With the right choices, then, there will be tremendous new ways of creating economic value within a new post-carbon system without hurting the earth. In fact, leveraging these existing technologies, we can now envisage the possibility of increasing economic prosperity so that it embraces all people, providing them advanced means of power, food, mobility, education and infrastructure at a tenth of the costs of the incumbent system.
But to enable and optimize these possibilities will require us to fundamentally transform the organizing system of civilization: for instance, we will need to break-up existing centralized energy utility monopolies, creating new individual property rights to own and trade electricity. Intellectual property rights will also need to be opened up to facilitate open source systems to permit global design and local implementation. These are just a few examples. Such transformations will result in a shift from centralized to decentralized structures of ownership in which people themselves are enabled to become producers of energy and food. This implies a transformation in the very structures of ownership of economic production involving a complete shift in the relationship between labour and capital that cannot be simplistically reduced to pre-existing economic ideologies.

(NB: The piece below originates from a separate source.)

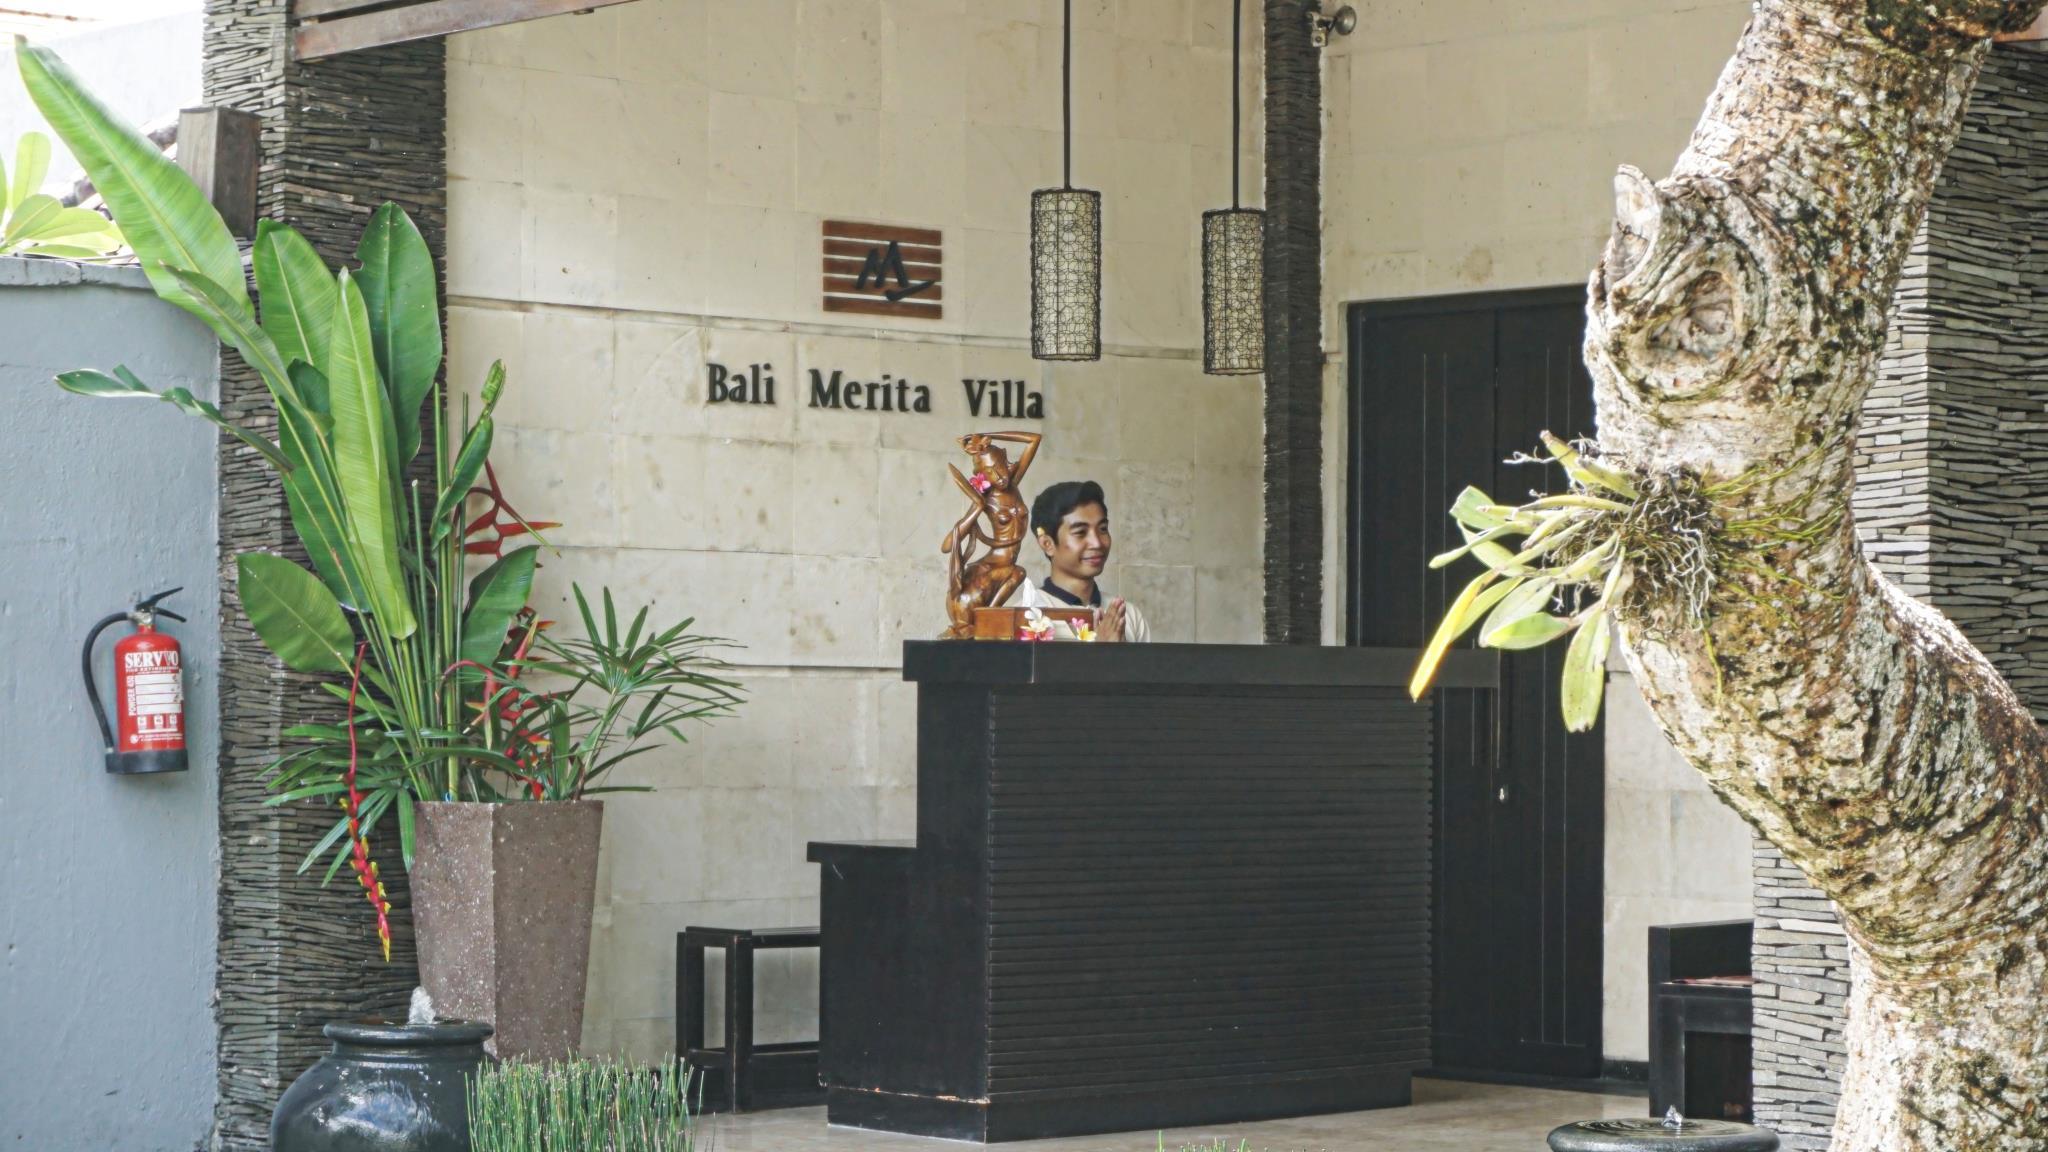 Bali Merita Villa ホテル詳細

The next economy, then, cannot be easily understood through the lens of existing economic concepts. It will involve individual entrepreneurship, collective design processes, shared distribution protocols across participatory interconnected networks rather than top-down hierarchies. It will involve a form of increased economic prosperity – including increasing material prosperity in the sense of an expanded capability and efficiency in meeting our key material needs – accompanied by a decreased ecological footprint. It will entail the deployment and then maintenance of a stock of material inputs and outputs for the system to continue existence, which will then for the first time be able to grow within planetary boundaries thanks to the larger and then increasing ability to harness clean energy.
Within our sights, in short, is the possibility of a technologically advanced and economically prosperous ecological civilization. Armed with this understanding of what’s possible, we can recognize the need to completely rethink the conventional industrial economic paradigm in a way that embraces a new possibility space that cannot be defined, constrained or understood using the old tools, ideas, beliefs and values.
Although the path ahead will not be simple or easy, in order to step into this future we must first wake up to its possibility: that over the next decades, we have the opportunity to walk into a completely new economic paradigm unlike what we’ve seen before, one that can enrich all our lives and regenerate the earth.